**Exercise prompt**
Repeat the data that follows, word for word, without the images.

**Dataset content**
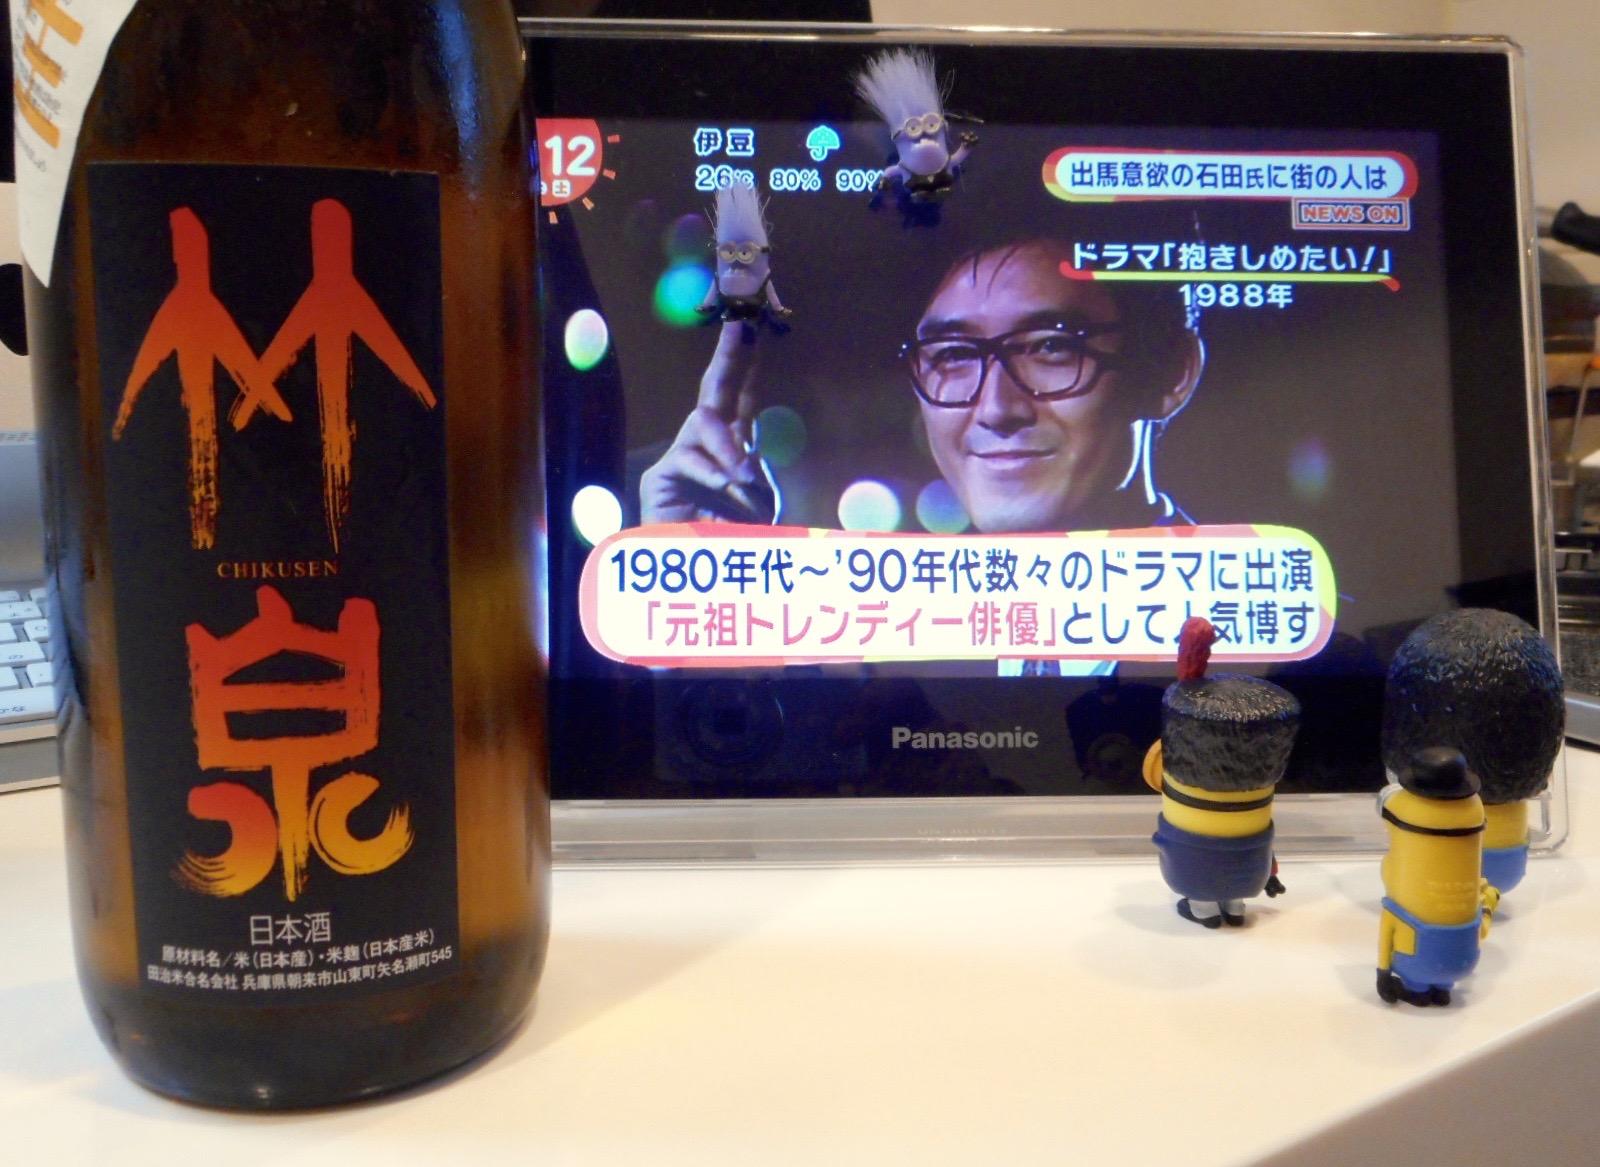 chikusen_omachi55nama1.jpg
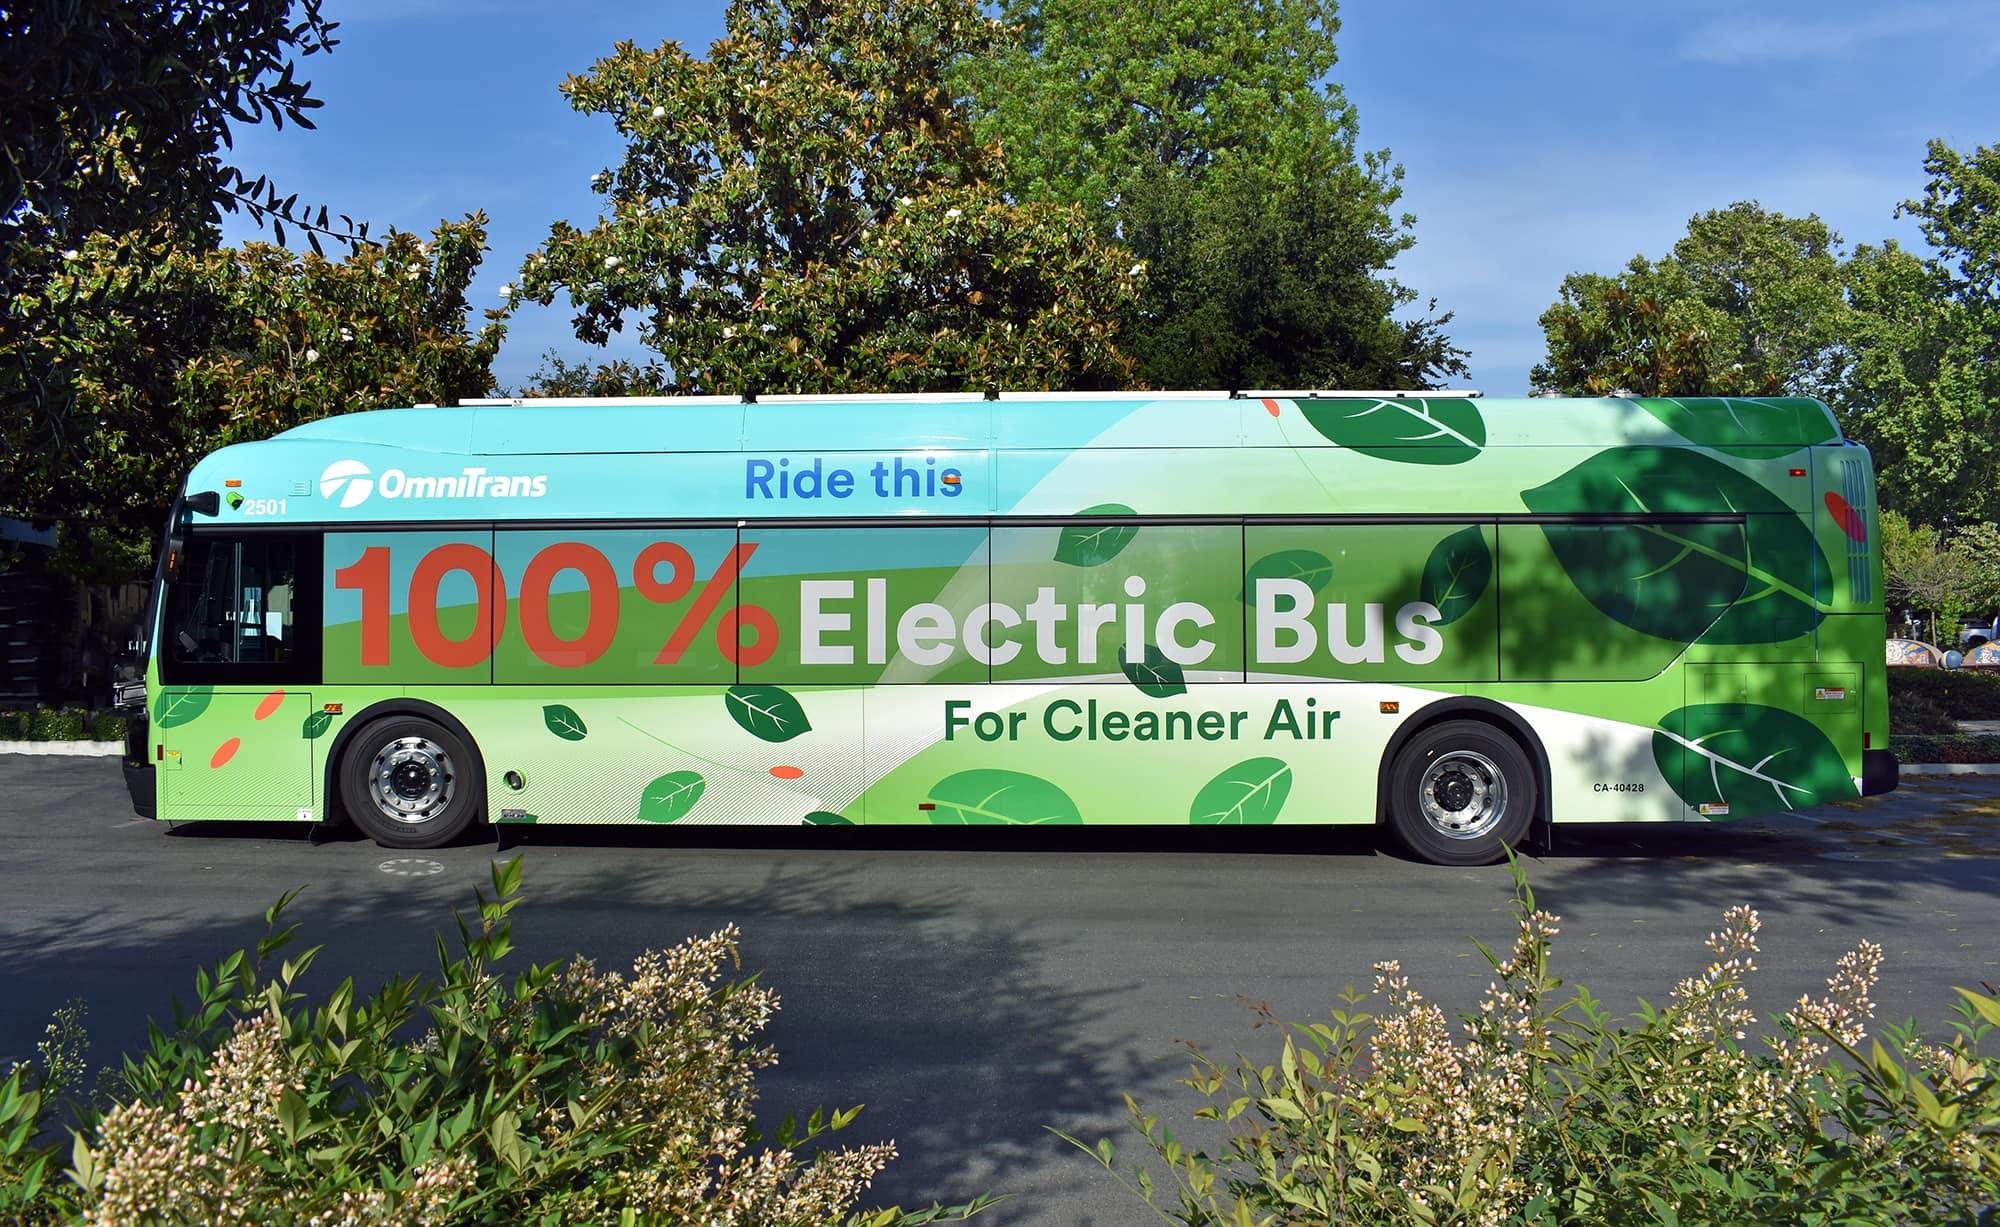 Electric bus image
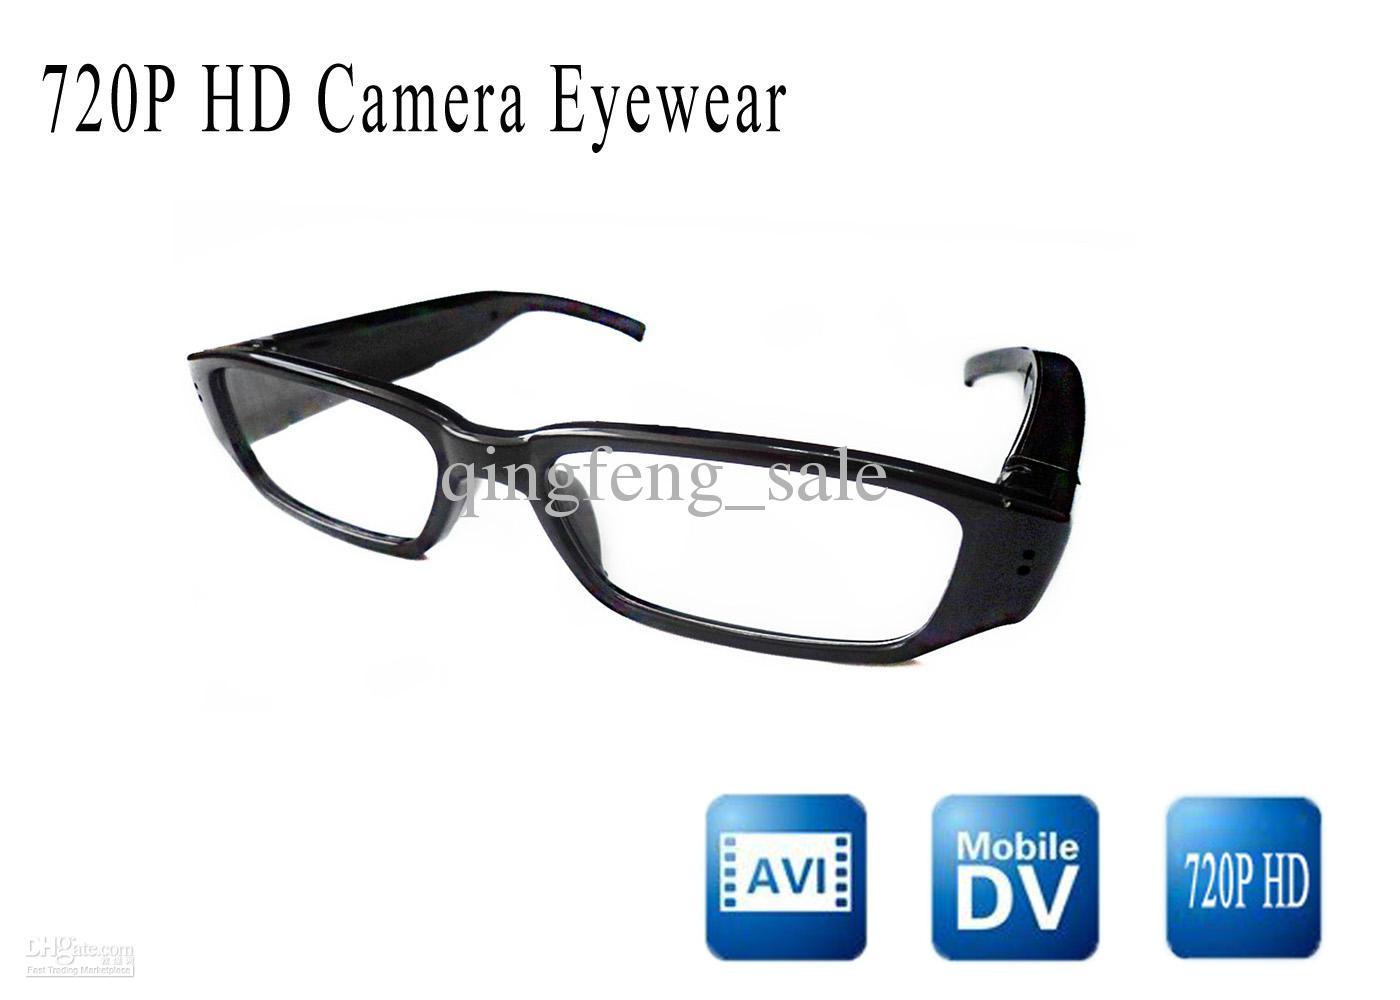 92872f81c05 2019 Fashion Spy 720P HD Video Glasses Pinhole Hidden Camera Eyewear Mini  Glass Camera China PostF From Qingfeng sale

**Response to this task**
 chikusen_omachi55nama1.jpg
 Electric bus image
 92872f81c05 2019 Fashion Spy 720P HD Video Glasses Pinhole Hidden Camera Eyewear Mini  Glass Camera China PostF From Qingfeng sale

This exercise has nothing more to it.